WHAT YOU NEED TO DO:
Which lines run from the one with "Vintage Aloha International" through the end of the data? Retype them exactly, without pictures.

DATA SEGMENT:
===============

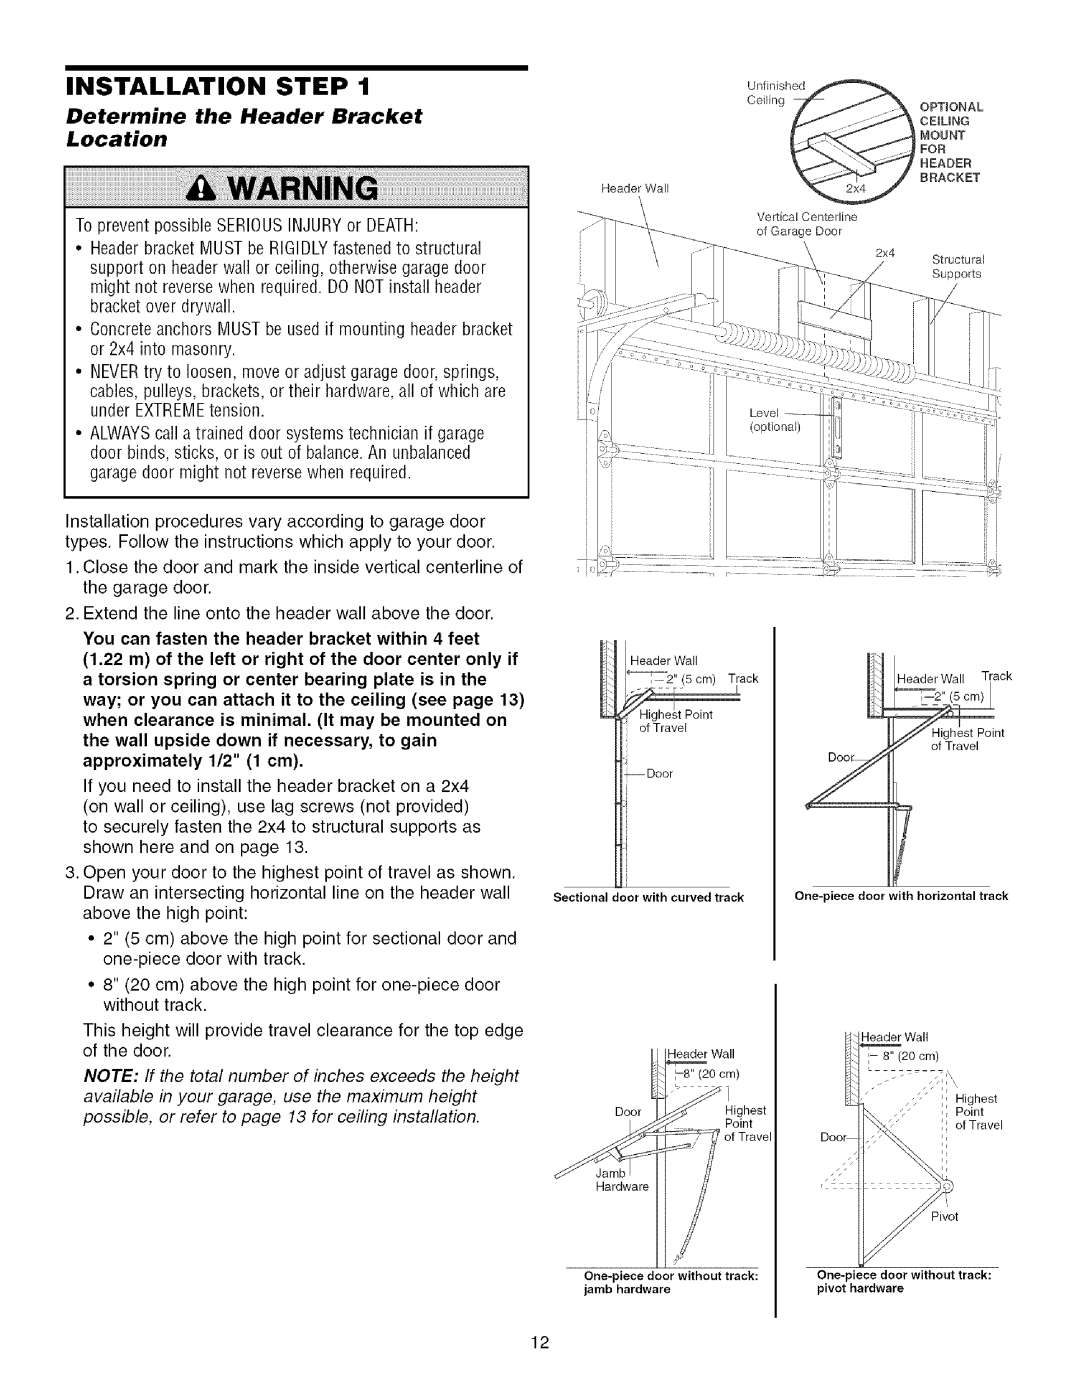 Sears 139.53930D owner manual Installation Step, Determine the Header Bracket Location 
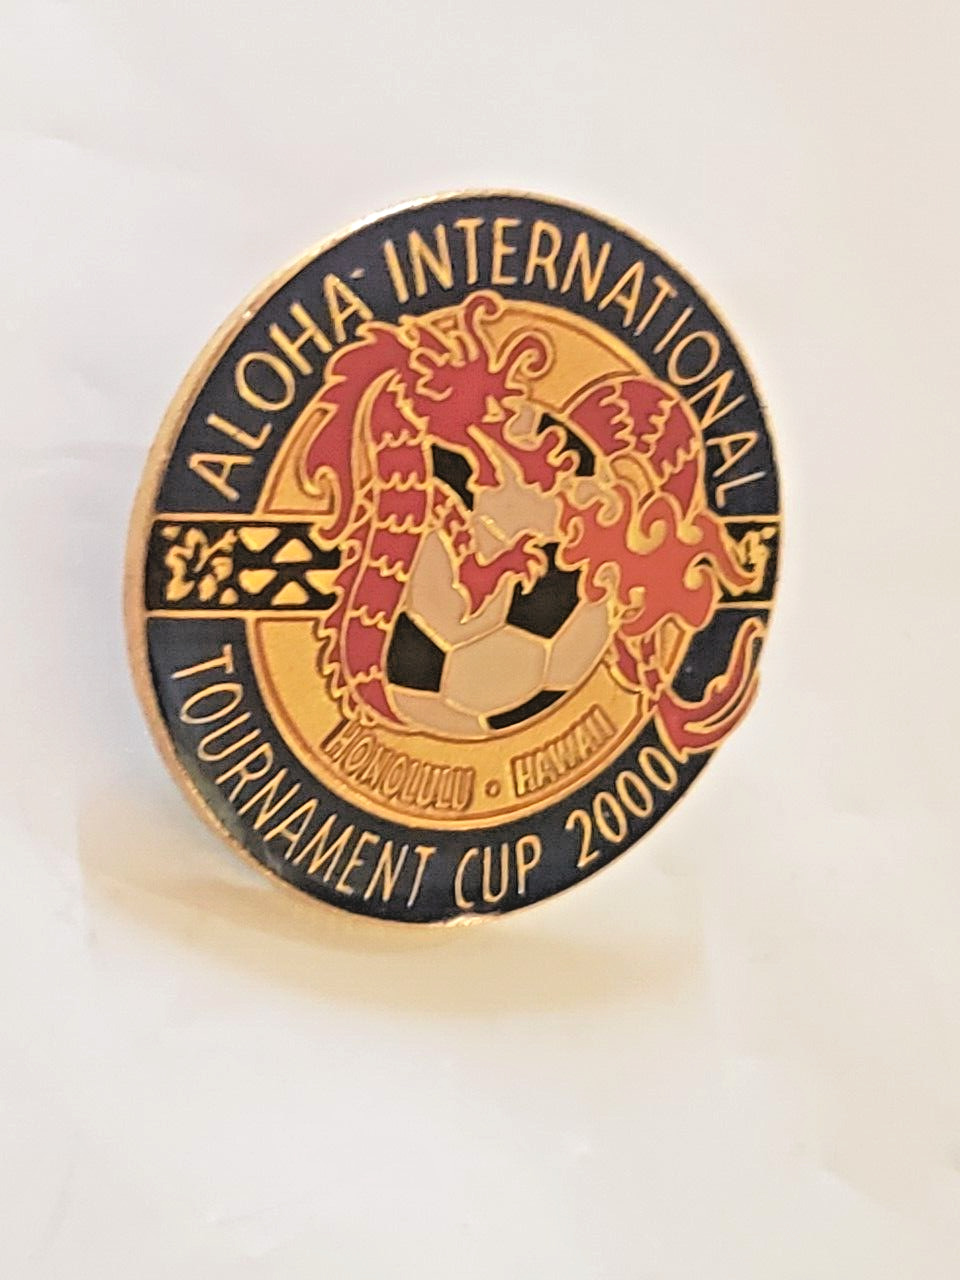 Vintage Aloha International Soccer Tournament Cup 2000 pin
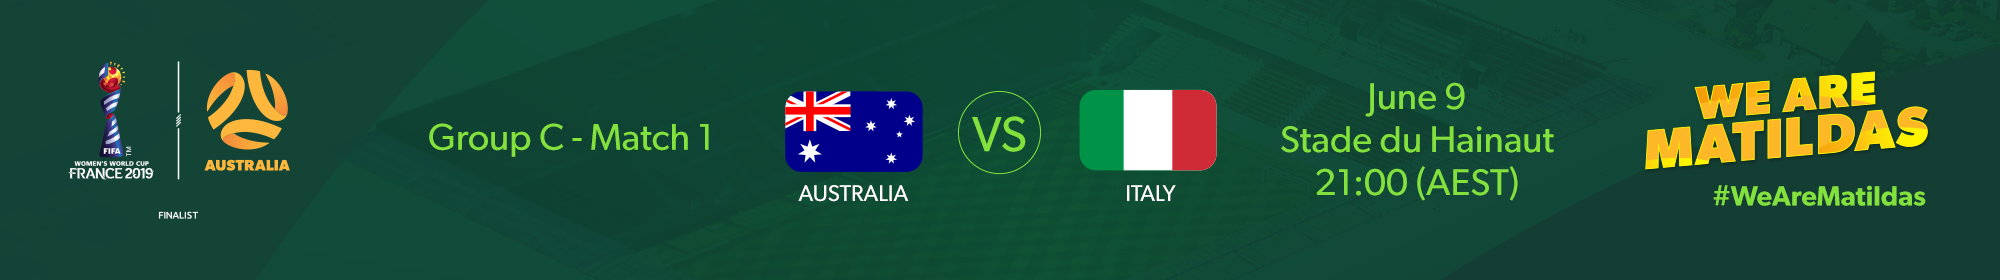 Matildas v Italy Fixture
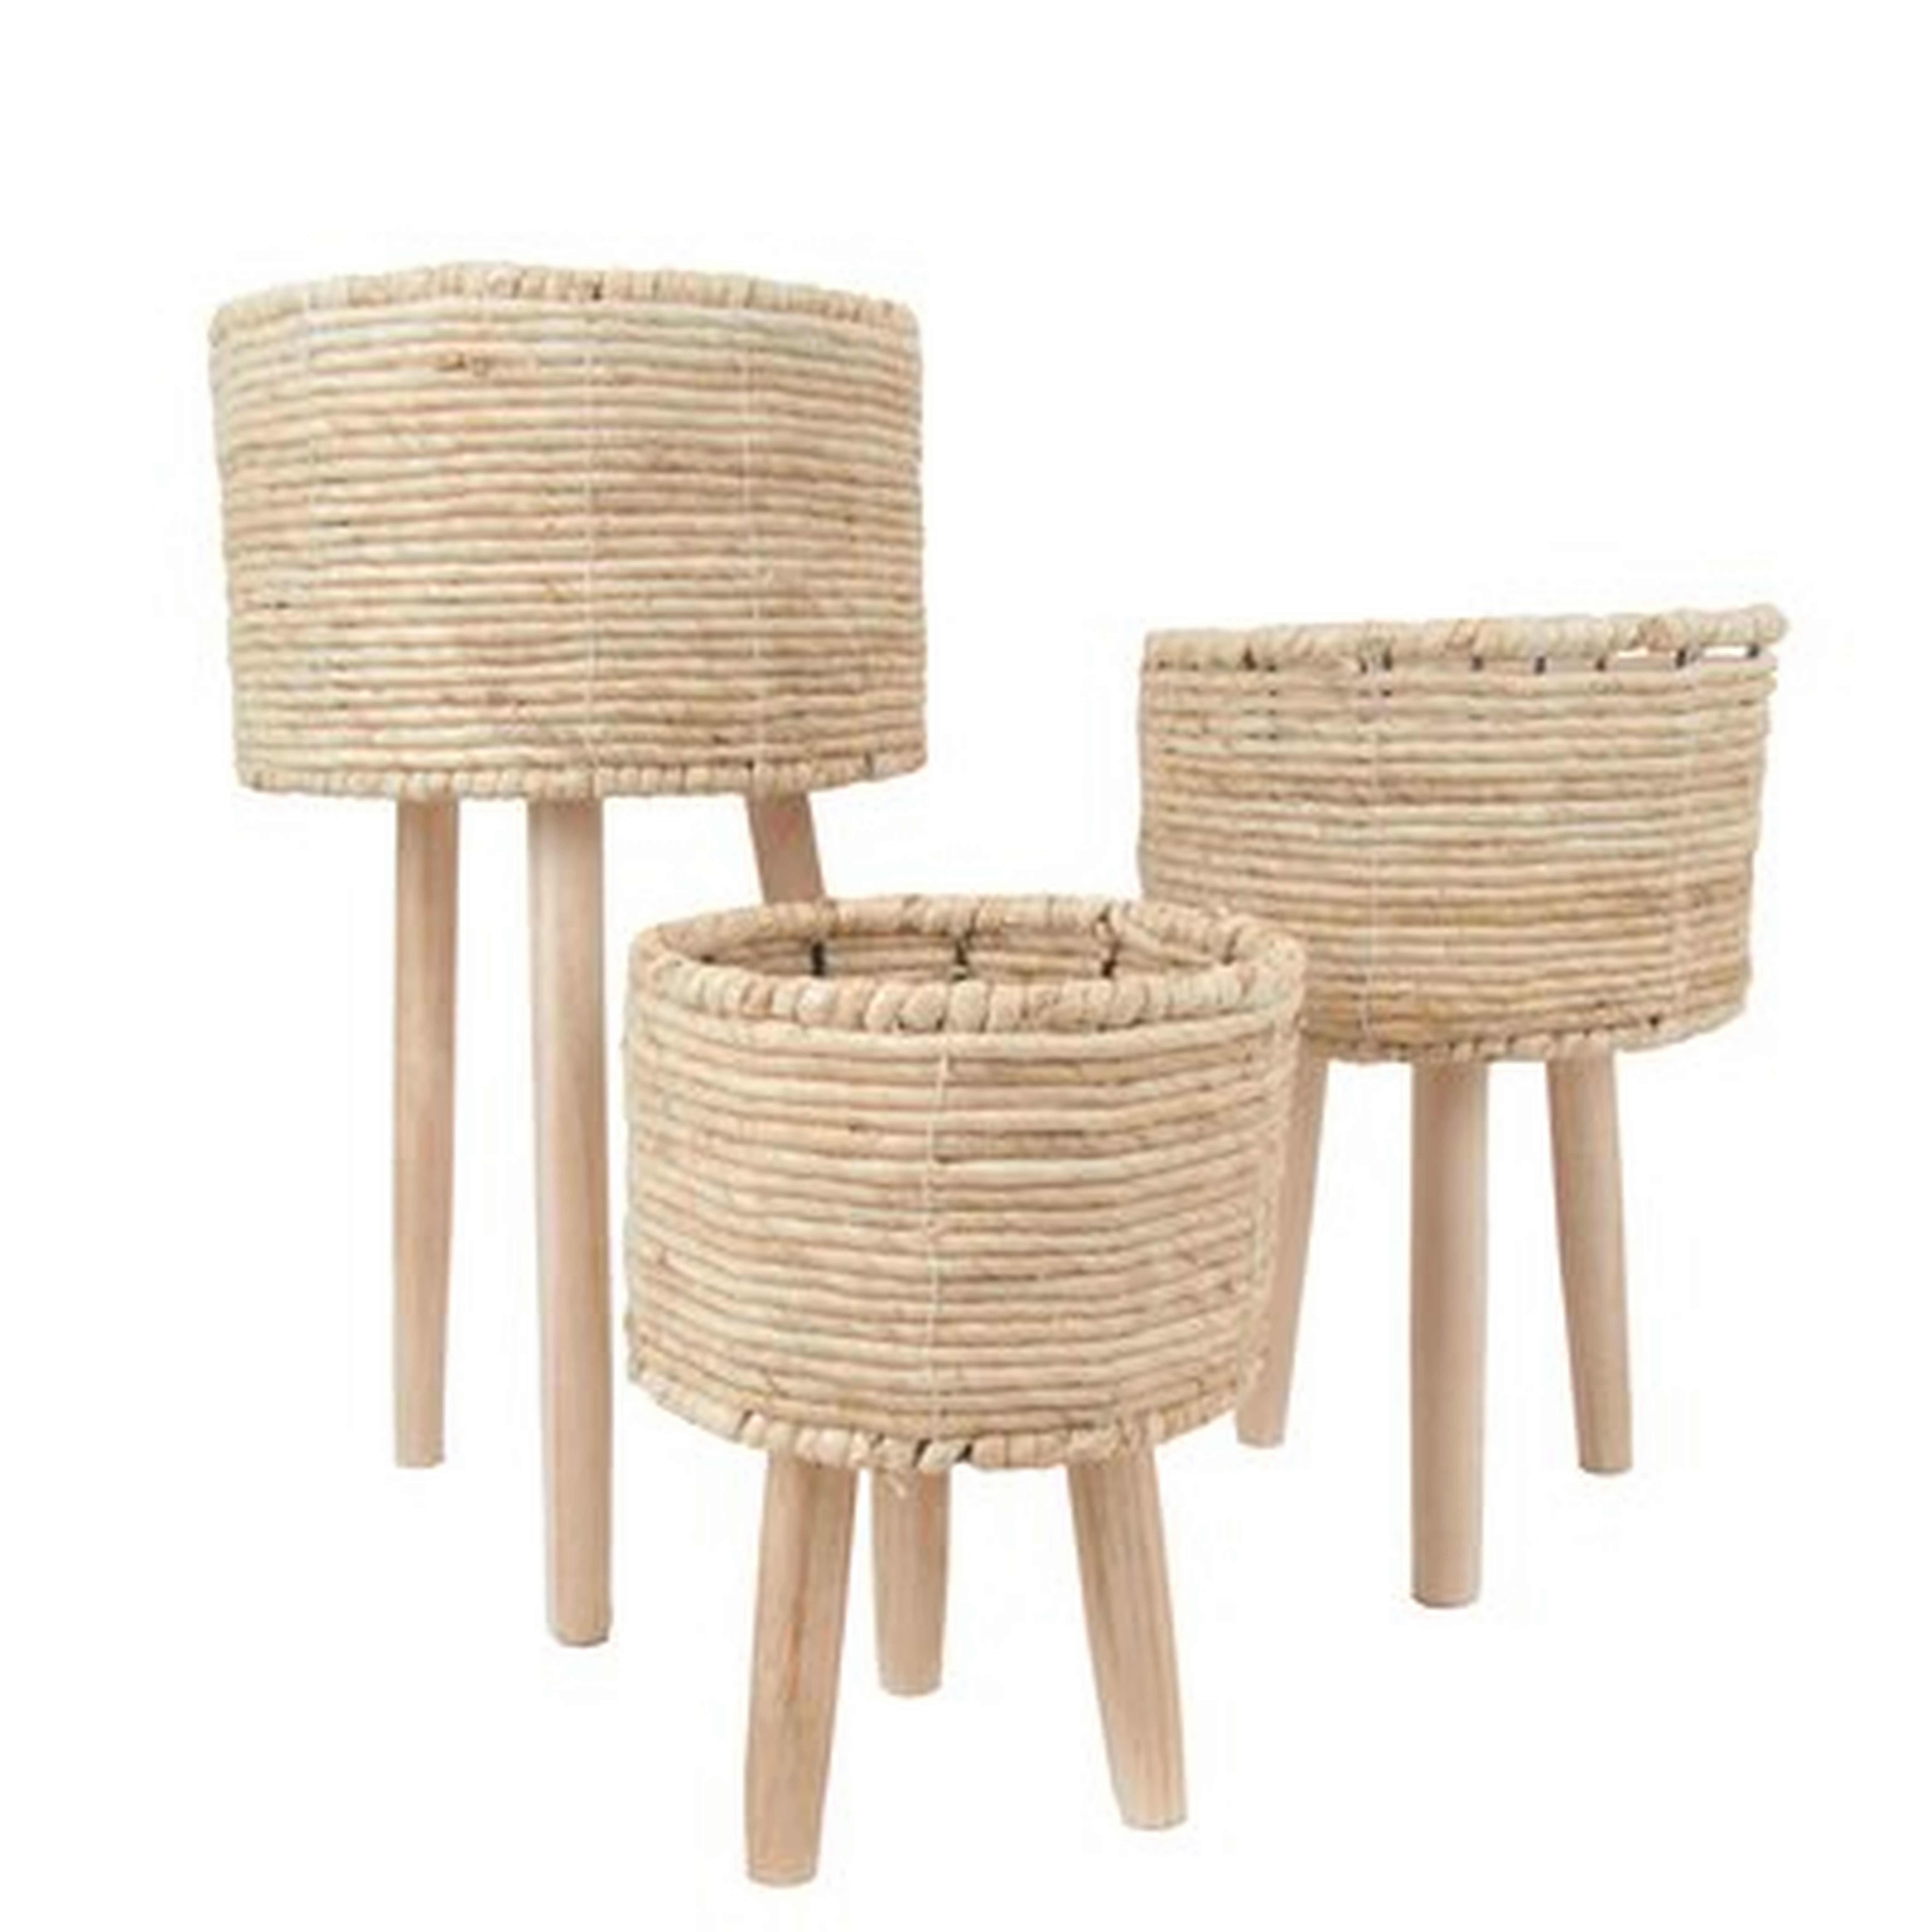 3 Piece Seagrass Basket Set - Wayfair

===============

SOLUTION TO THE EXERCISE:
 Vintage Aloha International Soccer Tournament Cup 2000 pin
 Matildas v Italy Fixture
 3 Piece Seagrass Basket Set - Wayfair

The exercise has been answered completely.